Thanks to LAObserved for pointing to this summary of Connie Bruck's big profile of Philip Anschutz and AEG, in the current issue of The New Yorker. The title says it all: "The Man Who Owns L.A." And for the man who owns LA, it's all about getting an NFL team to betray its current fans and commit to the Southland:

Anschutz, who lives in Denver, is intensely private and does little to publicize his ownership of A.E.G. or any of his other business activities. [AEG President Tim] Leiweke wants to create what he calls “the final piece of the puzzle for L.A. Live”: an N.F.L. stadium, to be built adjacent to Staples Center. With a deployable roof, the stadium is intended to house—in addition to football games and Super Bowls—concerts, international soccer games, wrestling and boxing matches, N.C.A.A. Final Fours, and major religious gatherings.
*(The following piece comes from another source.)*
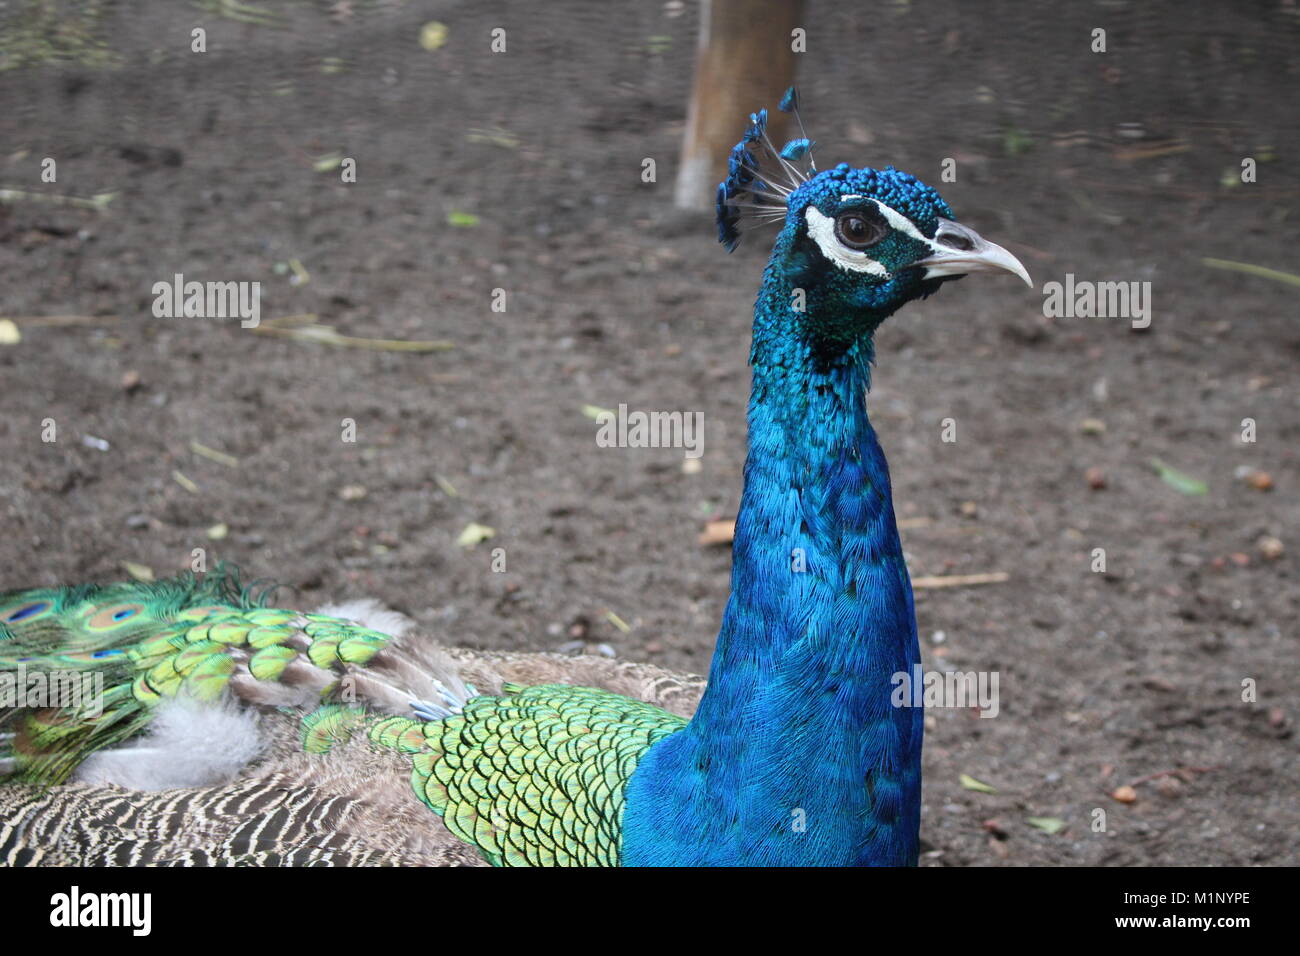 Einige Bilder von Tieren in einem Zoo Stockfoto

Los Angeles has not had an N.F.L. team since 1995, when the Rams and the Raiders, tired of playing in antiquated stadiums, left the city. Leiweke began his campaign last February, with a lavish public event to announce a deal he had made with the Farmers Insurance Company: in exchange for a reported seven hundred million dollars over thirty years, the planned stadium would be named Farmers Field. It was the largest naming-rights deal in sports. The next step will be the most challenging. Anschutz has pledged to spend more than a billion dollars to build the stadium, but he and Leiweke must reach a deal both with the N.F.L. and with one or two teams to move to L.A.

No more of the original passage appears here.